Electromagnetic waves induce current in conductors, and bear eat fish and shits fishy shit in the woods! Story at 10!
7.3V? Psh! (Score:3, Insightful)
Also, sure it might be 37% efficient, but do you realize how SMALL the density of RF energy is? The Friis transmission equation [wikipedia.org] gives you some idea: it decreases by the square of the distance away from the source, due to that power spreading out in a sphere. When you start off with only a couple mW of power and an omnidirectional antenna, there isn't much power left to harvest when these tiny receiving "metamaterial" antennas are even just a few feet from an access point.
For $4, you can read the paper (Score:5, Informative)
Here's the actual paper's paywall. [aip.org] All the paper claims is that "A maximum of 36.8% of the incident power from a 900âMHz signal is experimentally rectified by an array of metamaterial unit cells." So they built a rectenna with a waveguide.
Rectennas [wikipedia.org] have been around for decades, and 82% efficiency [ieee.org] (DC watts out / microwave watts into antenna) has been achieved. So 37% is nothing to be excited about.
If you hook up two long wires or plates to a diode, any RF in the vicinity will produce some DC across the diode. This is the principle behind "crystal radios". The problem is that you need big antennas to get much power from ambient RF.
Re:For $4, you can read the paper (Score:5, Interesting)

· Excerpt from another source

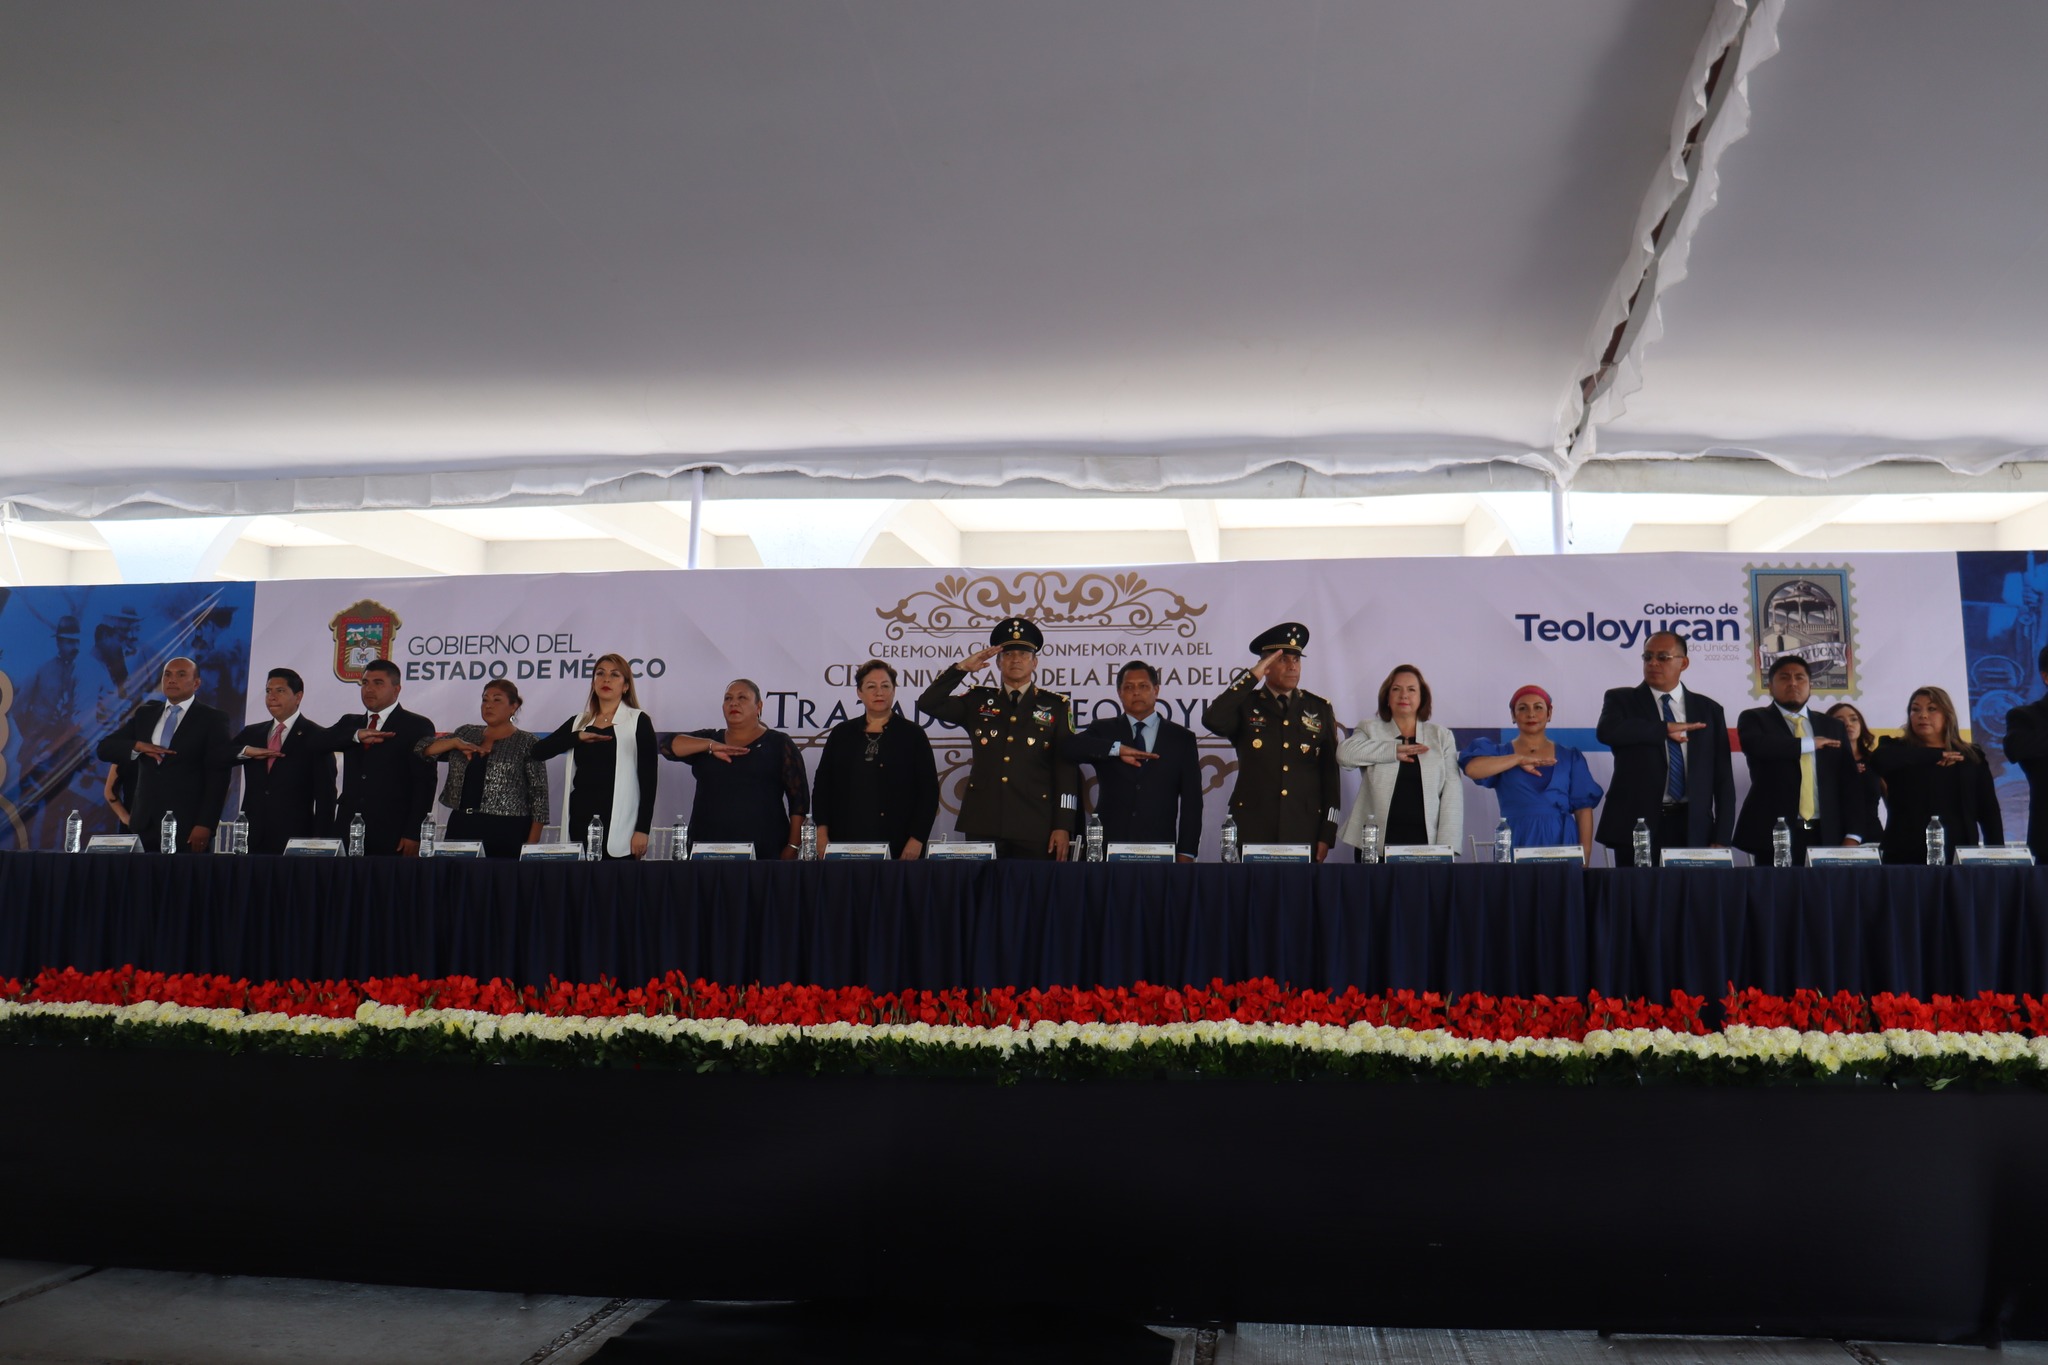 Ceremonia Civica del CIX Aniversario de la Firma de los Tratados de #Teoloyucan

Actually, the difference here is that they built a rectenna out of metamaterials, specifically a split-ring resonator (SRR) design. I presume their point here is that they came up with a compact rectenna design that can work fairly well at 900 MHz. The paper you referenced with the 82% efficiency used a dipole antenna for 5.8 GHz. The wavelength at 5.8 GHz is something like 50 mm, and they used a 1/2 wave dipole antenna (their length was around 25 mm). The wavelength at 900 MHz is 333 mm, but their SRR design was only 40 mm on a side (a 1/2 wave dipole would have to be 150 mm or so).
I don't think they were making any claims of new physics here, but probably pointing out a design that would be fairly compact and leverage all the 900 MHz EMI flying around. For what its worth, their max efficiency occurred for a resistive load of 70 Ohms, which is a reasonable load for something that you want to power with an energy harvester.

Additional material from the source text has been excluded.